§ **REQUIRED ACTION**
What is needed is a word-for-word transcript of the listing, free of pictures.

§ **INPUT DATA**
▬▬▬▬▬▬

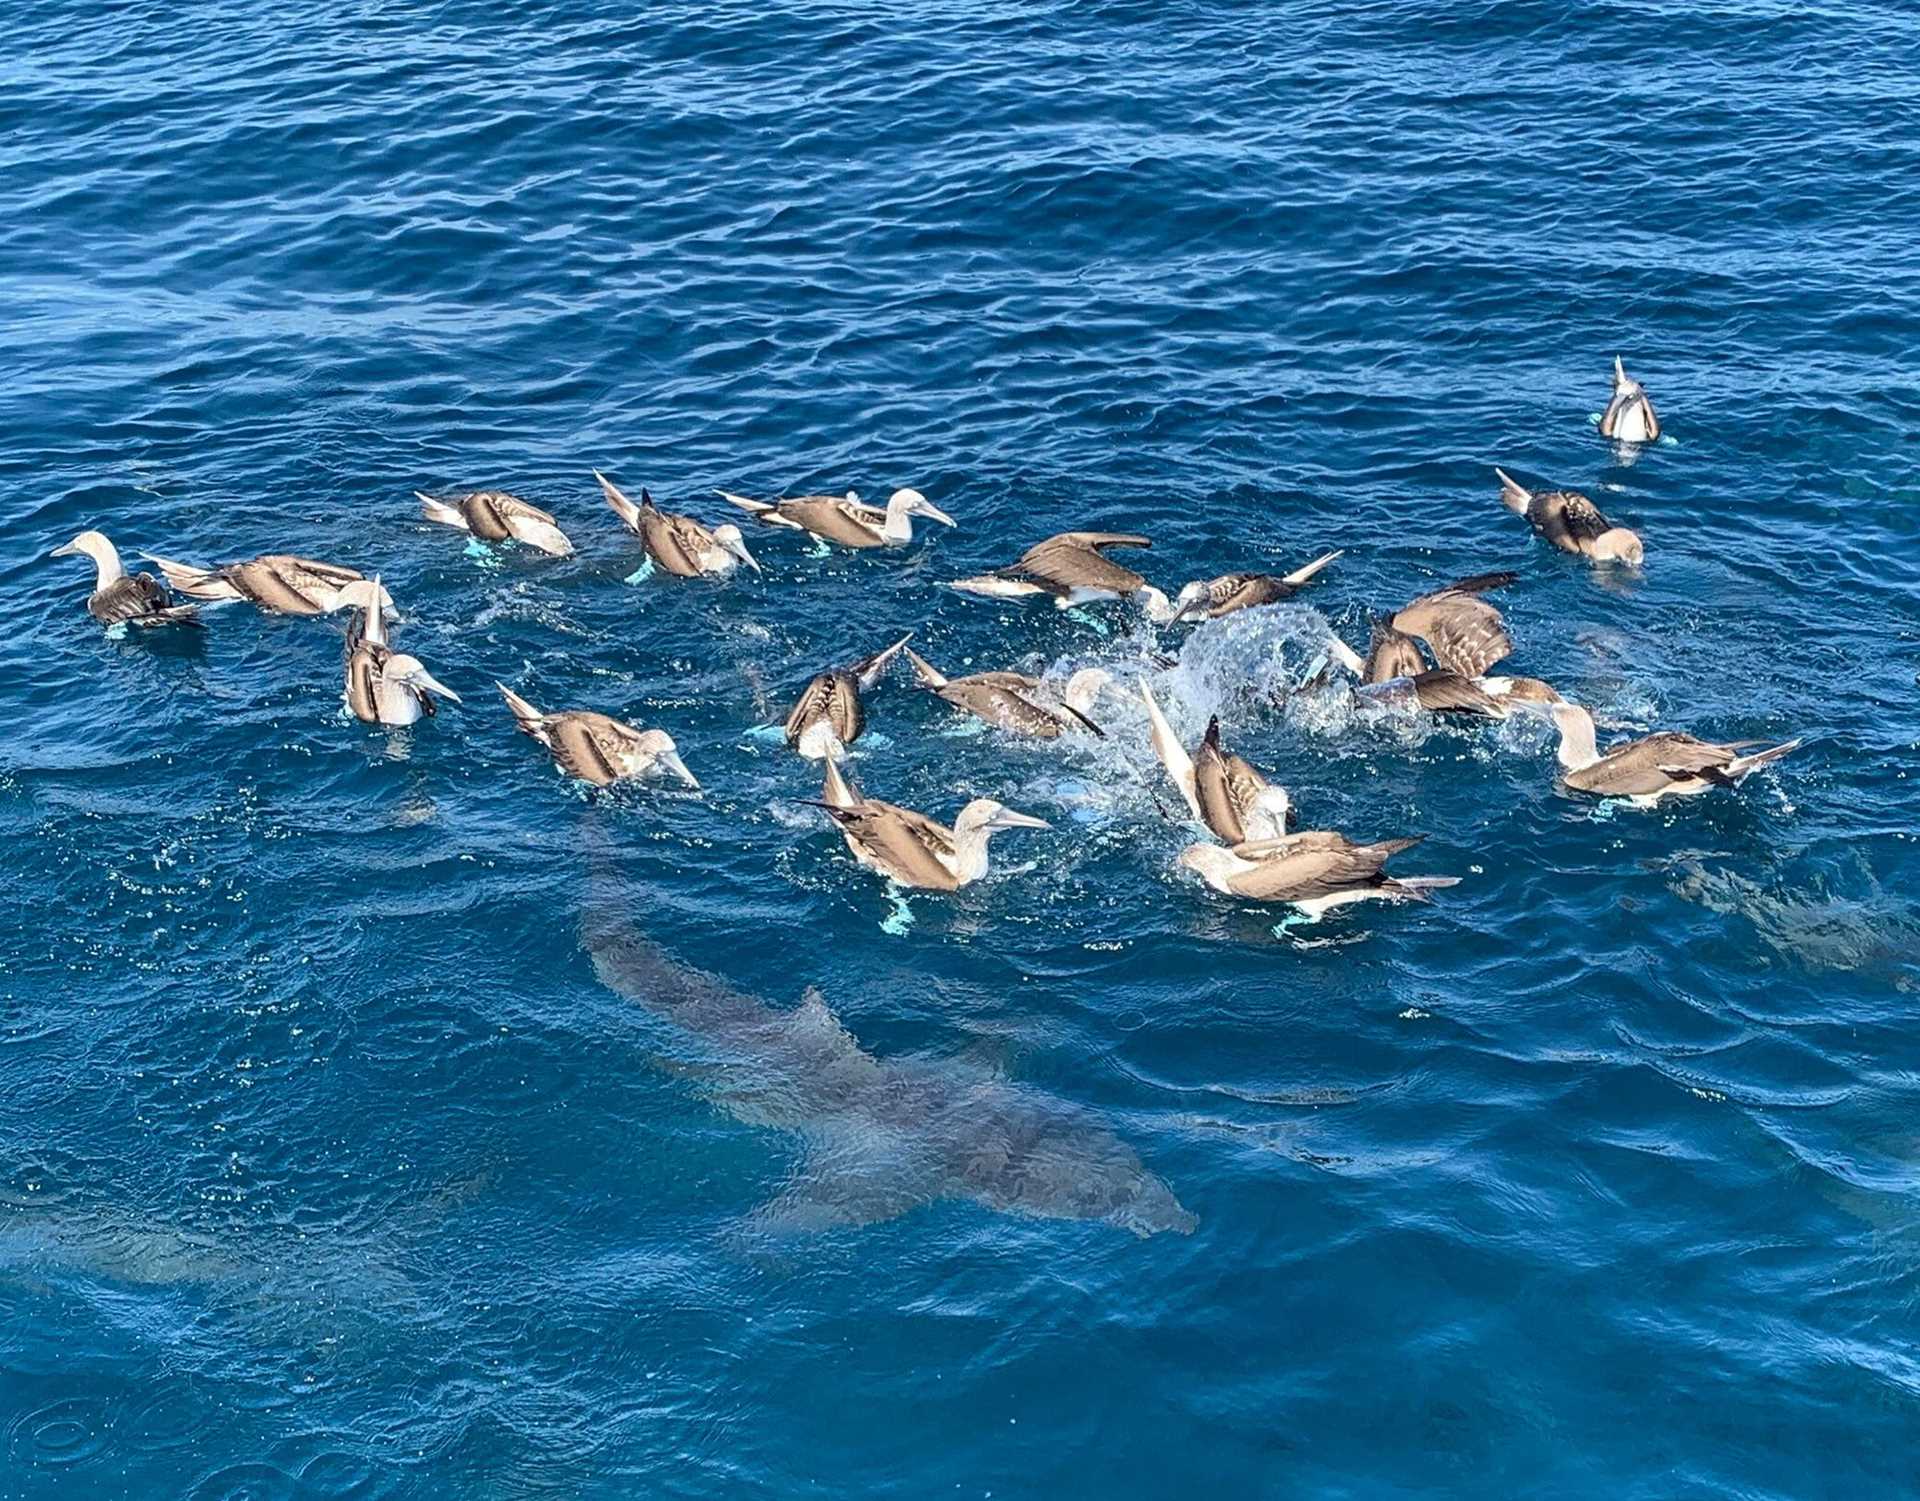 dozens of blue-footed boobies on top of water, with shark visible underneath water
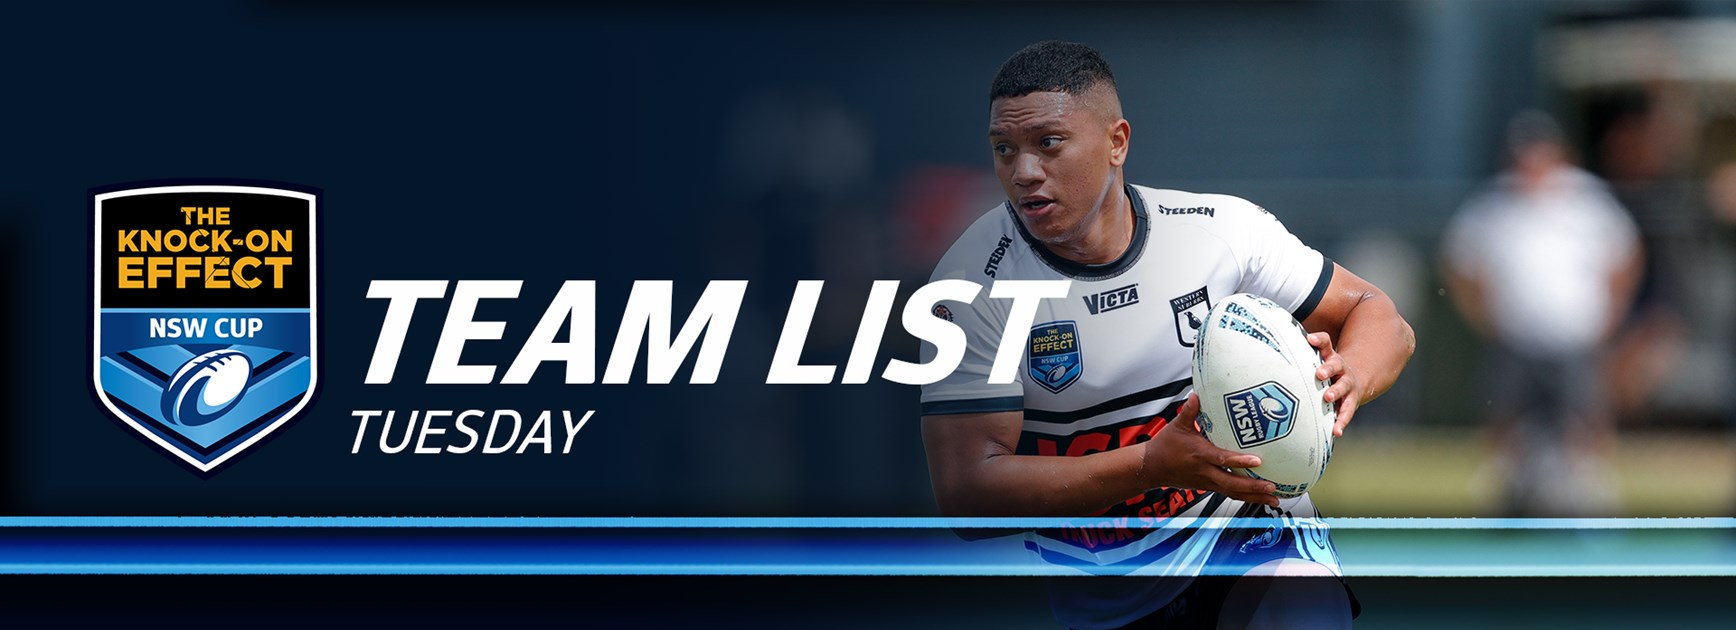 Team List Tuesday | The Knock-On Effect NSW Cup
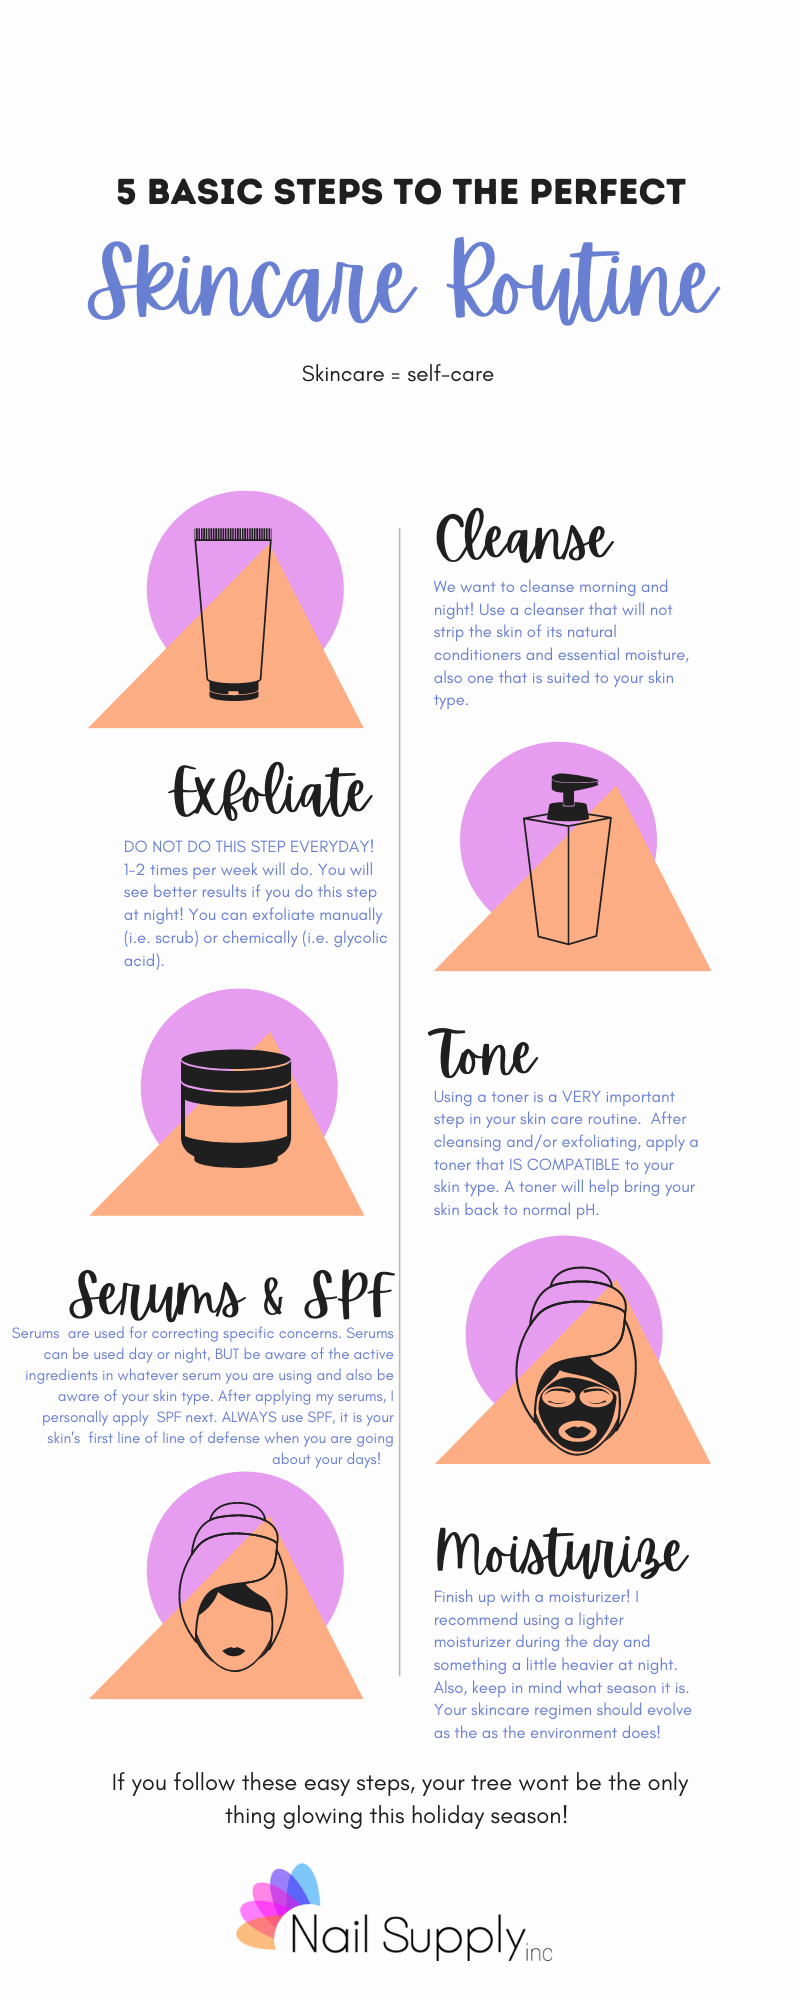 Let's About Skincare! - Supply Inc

▬▬▬▬▬▬

§ **EXERCISE ANSWER**
 dozens of blue-footed boobies on top of water, with shark visible underneath water
 Team List Tuesday | The Knock-On Effect NSW Cup
 Let's About Skincare! - Supply Inc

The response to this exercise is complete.